Today, I cover only my first use case of document classification. As those of you who attended my talk would recall, I did not get very good results for the second and third use cases around document and text similarity. I have a few ideas that I am exploring at the moment. If they are successful, I will talk about them in a future post.

The 4 step recipe

For those of you who are not aware of the 4-step recipe, I refer you to Honnibal's original blog post for the details. But if you would rather just get a quick refresher, the 4 steps are as follows:

  • Embed - converts an integer into a vector. For example, a sequence of words can be transformed through vocabulary lookup to a sequence of integers, each of which could be transformed into a fixed size vector represented by the word embedding looked up from third party embeddings such as word2vec or GloVe.
  • Encode - converts a sequence of vectors into a matrix. For example, a sequence of vectors representing some sequence of words such as a sentence, could be sent through a bi-directional LSTM to produce a sentence matrix.
  • Attend - reduces the matrix to a vector.
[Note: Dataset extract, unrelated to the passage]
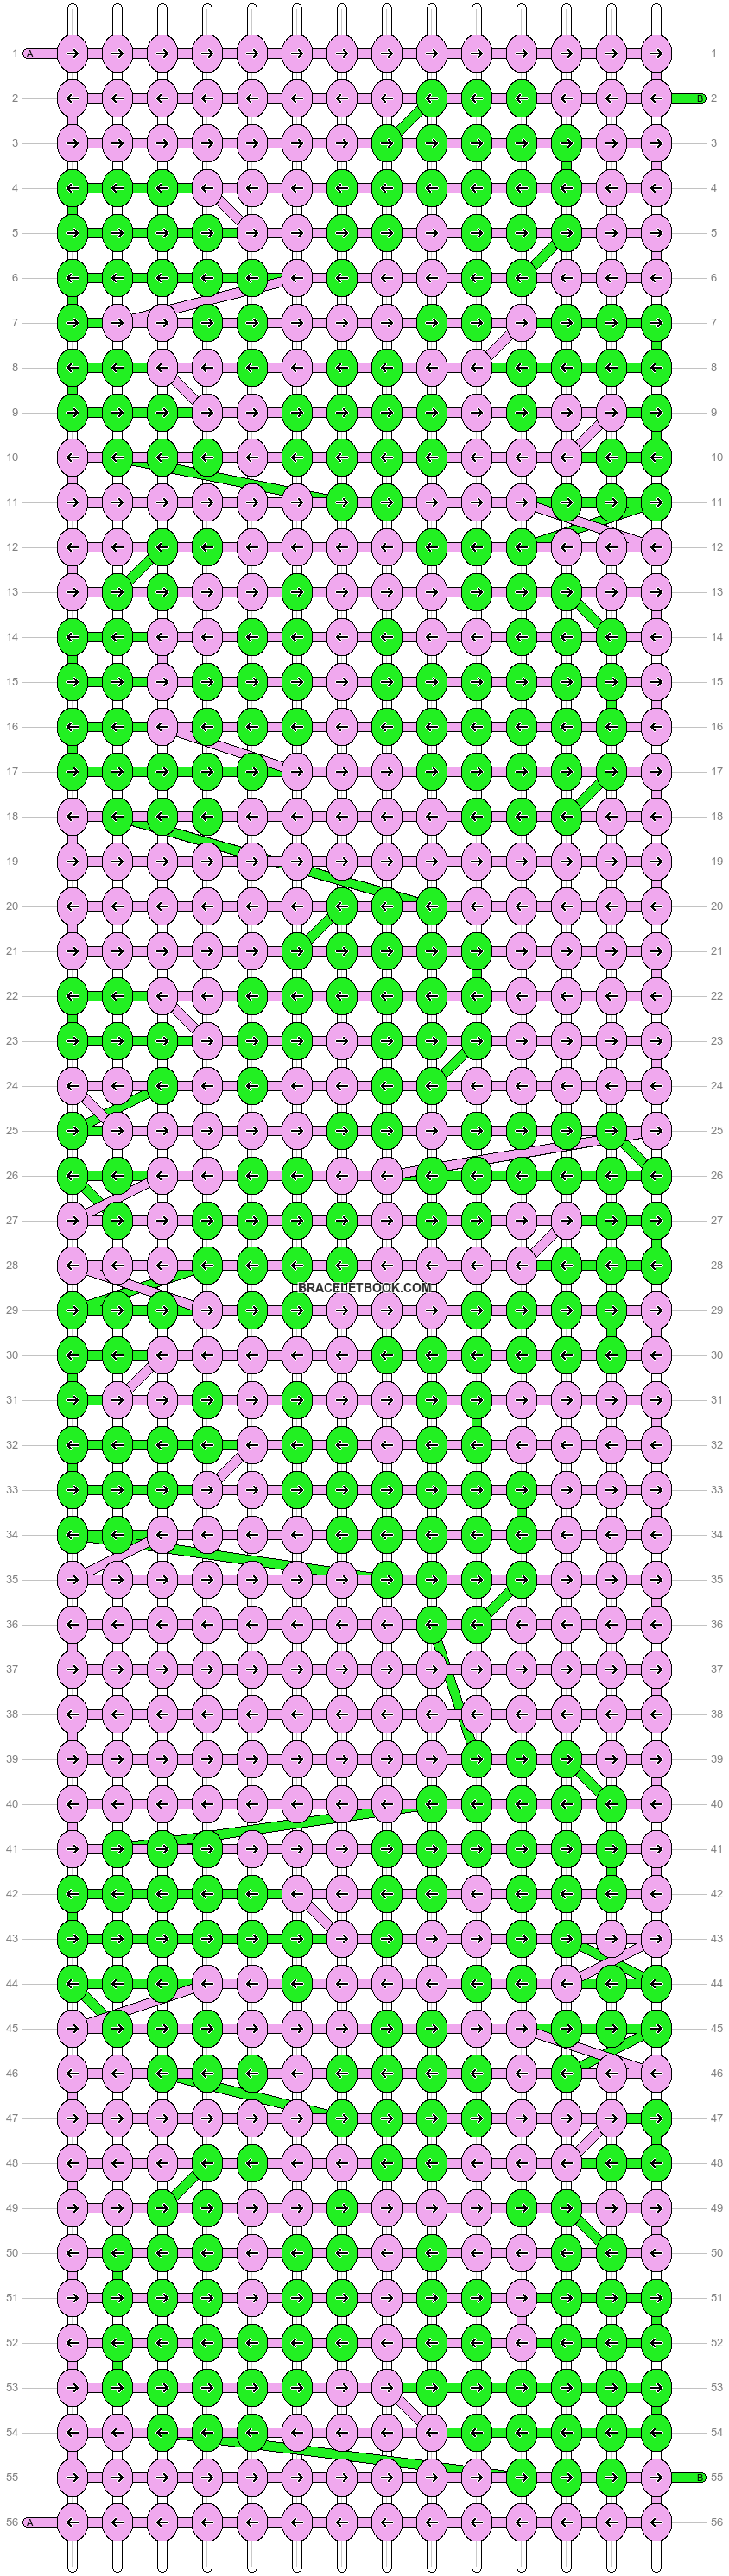 Alpha pattern #43453 variation #154091 pattern

This can be done by passing the matrix into an Attention mechanism that captures the most salient features of the matrix, thus minimizing the information loss during reduction.
  • Predict - reduces a vector to a integer label. This would correspond to a fully connected prediction layer that takes a vector as input and returns a single classification label.

Of these steps, all but the Attend step is adequately implemented by most Deep Learning toolkits. My examples use Keras, a Python deep learning library. In Keras, the Embed step is represented by the Embedding layer where you initialize the weights from an external embedding; the Encode step can be implemented using a LSTM layer wrapped in a Bidirectional wrapper; and the Predict step is implemented with a Dense layer.
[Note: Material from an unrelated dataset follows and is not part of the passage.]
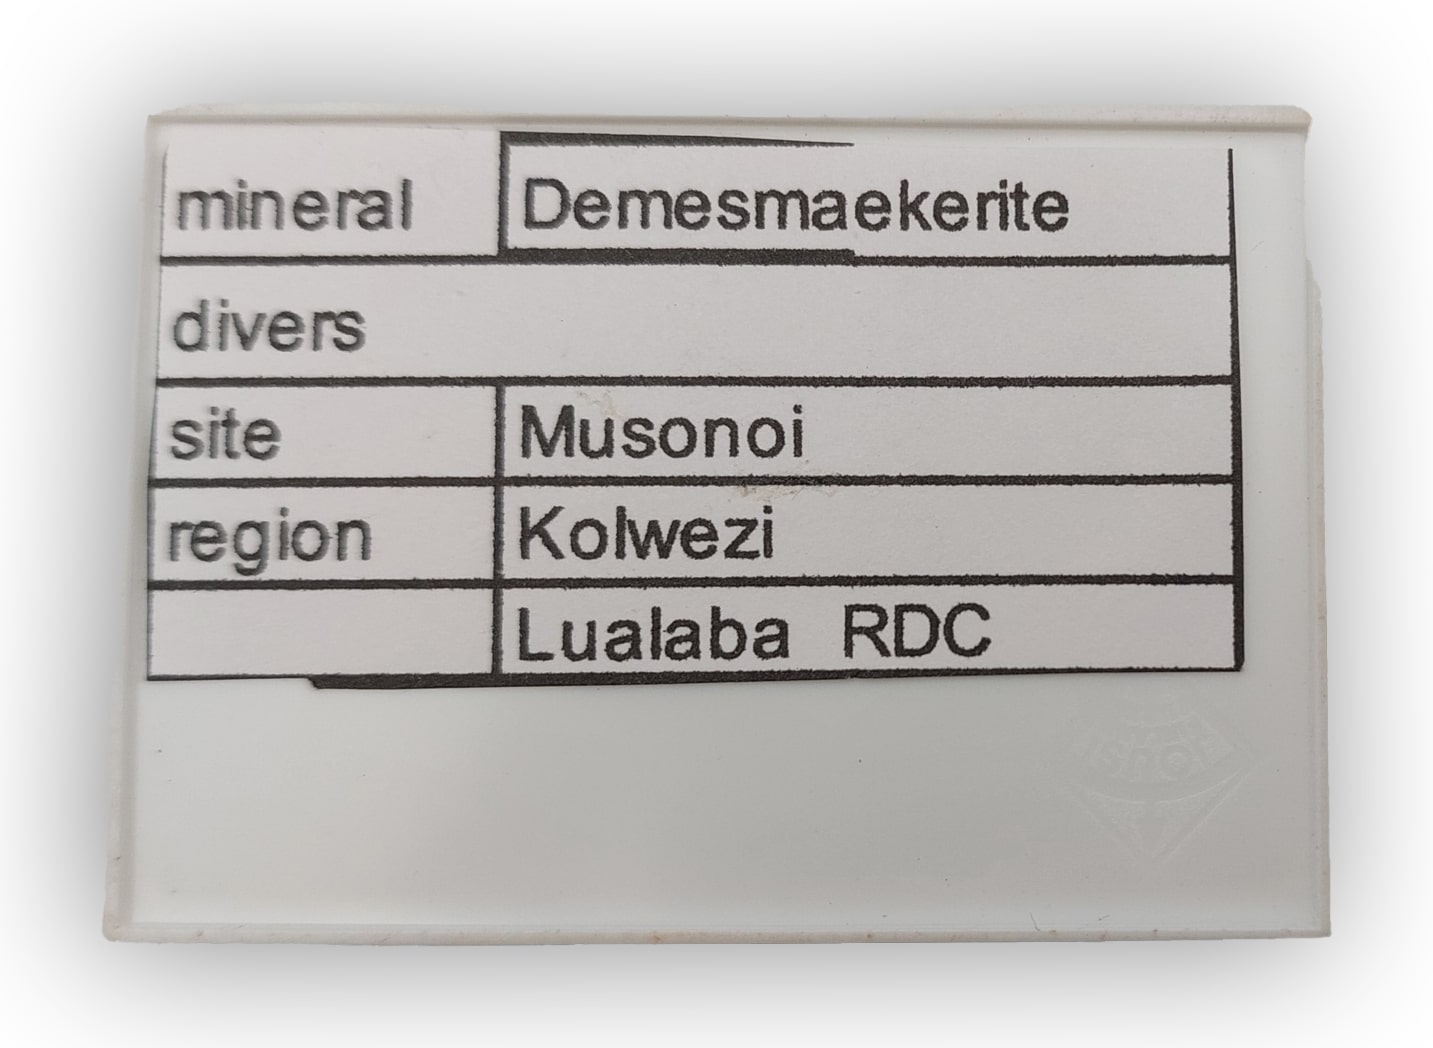 Demesmaekerite, Musonoi, Kolwezi, Katanga, Congo (RDC).

Experiment: Document Classification

These steps can be thought of as large logical building blocks for our NLP pipeline. A pipeline can be composed of zero or more of these steps. It is also important to realize that each of these steps has a naive, non deep learning equivalent. For example, the Embed step can be done using one-hot vectors instead of third party word embeddings; the Encode step can be done by just concatenating the vectors along their short axis; the Attend step can be done by averaging the component word vectors; and the Predict step can use an algorithm other than deep learning. Since I wanted to see the effect of each of these steps separately, I conducted the following set of experiments - the links lead out to Jupyter notebooks on Github.

The data for this experiment comes from the Reuters 20 newsgroups dataset. It comes as part of scikit-learn's datasets package. It is a collection of 180000 newsgroup postings pre-categorized into one of 20 newsgroups. Our objective is to build a classifier (or classifiers) that can predict the document's newsgroup category from its text.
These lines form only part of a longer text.